As I note earlier in the chapter, a confidentiality agreement is a serious and real legal document, and a Buyer who signs a CA should take every precaution to speak only with those who need to know about the business and are covered by the CA. The following sections give you some guidelines on who you can talk to and how to discuss sensitive information without letting the whole county know.

Involving employees and advisors

Generally, a confidentiality agreement allows the signers to speak with employees and advisors about the transaction. The CA specifically delineates these people by job title or function (not by name).

In the CA, relevant employees are usually designated with a line such as

“Employees who have a legitimate need to know in order to evaluate a possible transaction are permitted to review materials.”

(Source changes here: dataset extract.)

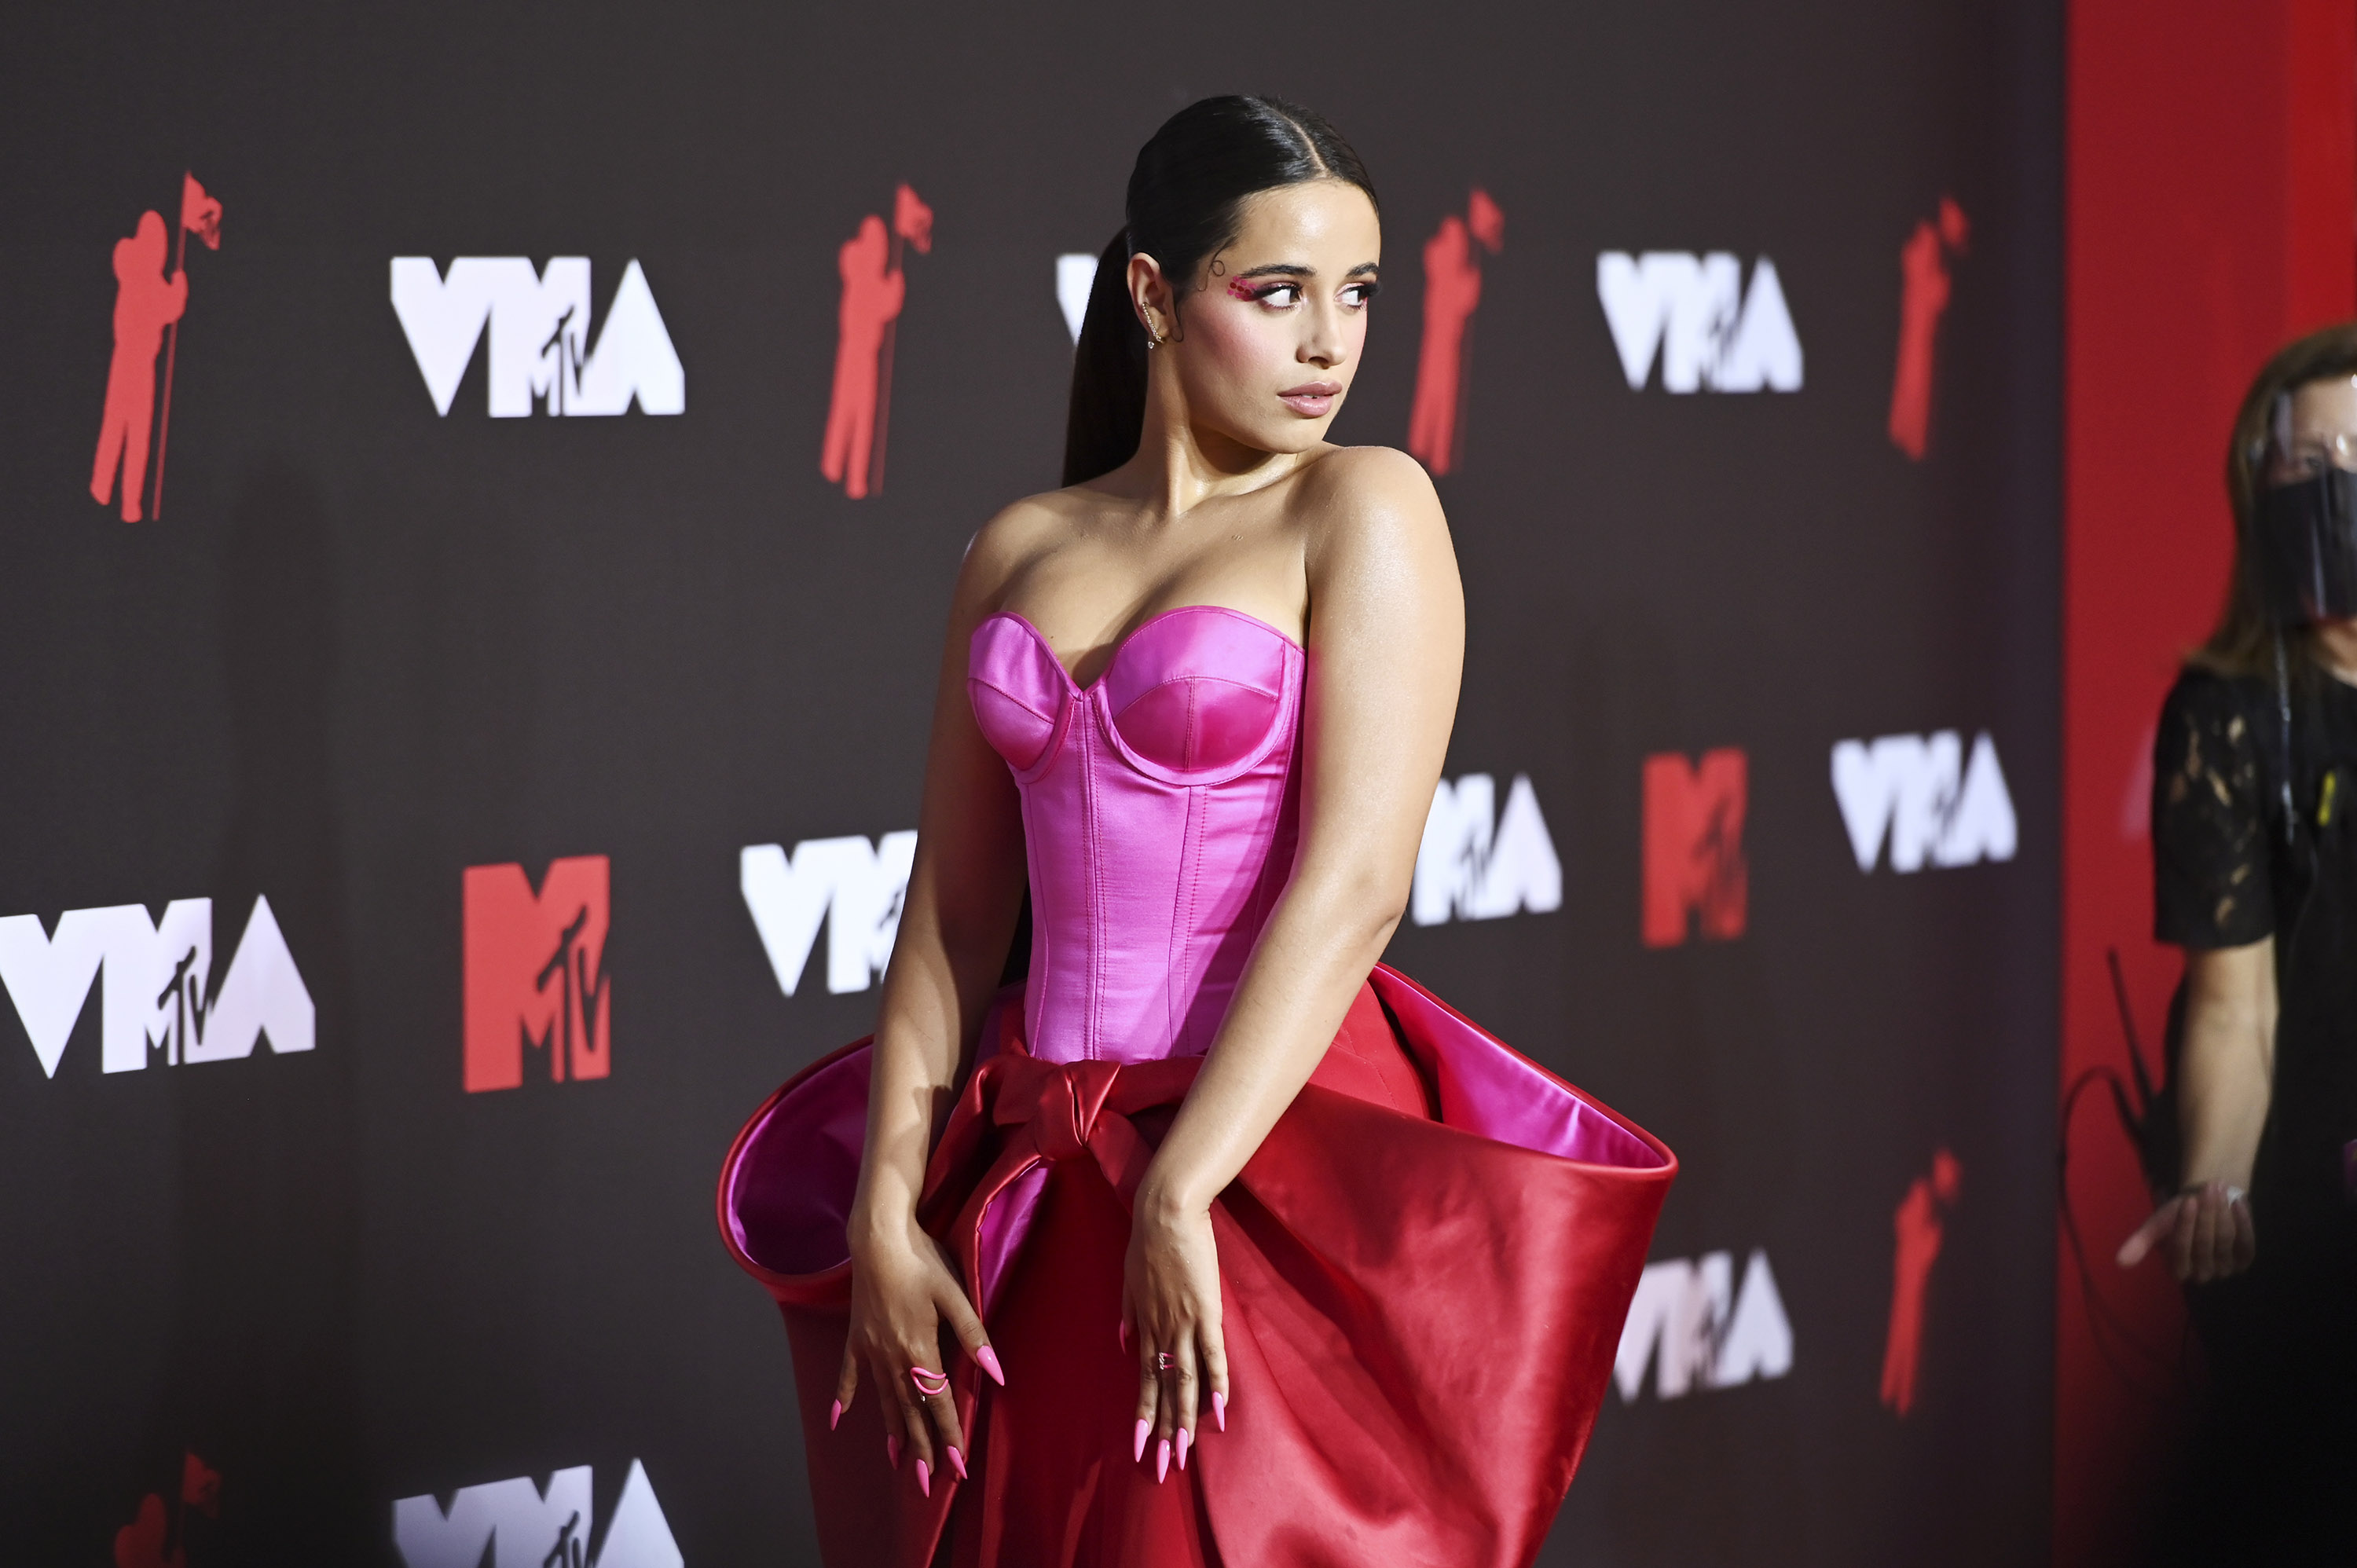 Camila Cabello attends the 2021 MTV Video Music Awards at Barclays Center on Sept. 12, 2021, in the Brooklyn borough of New York City.

The language for advisors typically goes something like the following:

“Independent accountants, investment bankers, or other professionals (collectively, ‘Buyer's Advisors') may be retained for the sole purpose of assisting Buyer in determining the feasibility of entering into a transaction.”

The Buyer must inform any employee or advisor that that person is bound by the terms of the confidentiality agreement.

Discussing the deal in public

I'm constantly amazed at what I overhear in restaurants, on airplanes, in elevators, and other places where people gather. I constantly overhear people talking about lawsuits, tax cases, criminal cases, health problems, their troubled kids, and of course, M&A transactions. More often than not, these conversations use the actual names of the individuals or the companies involved!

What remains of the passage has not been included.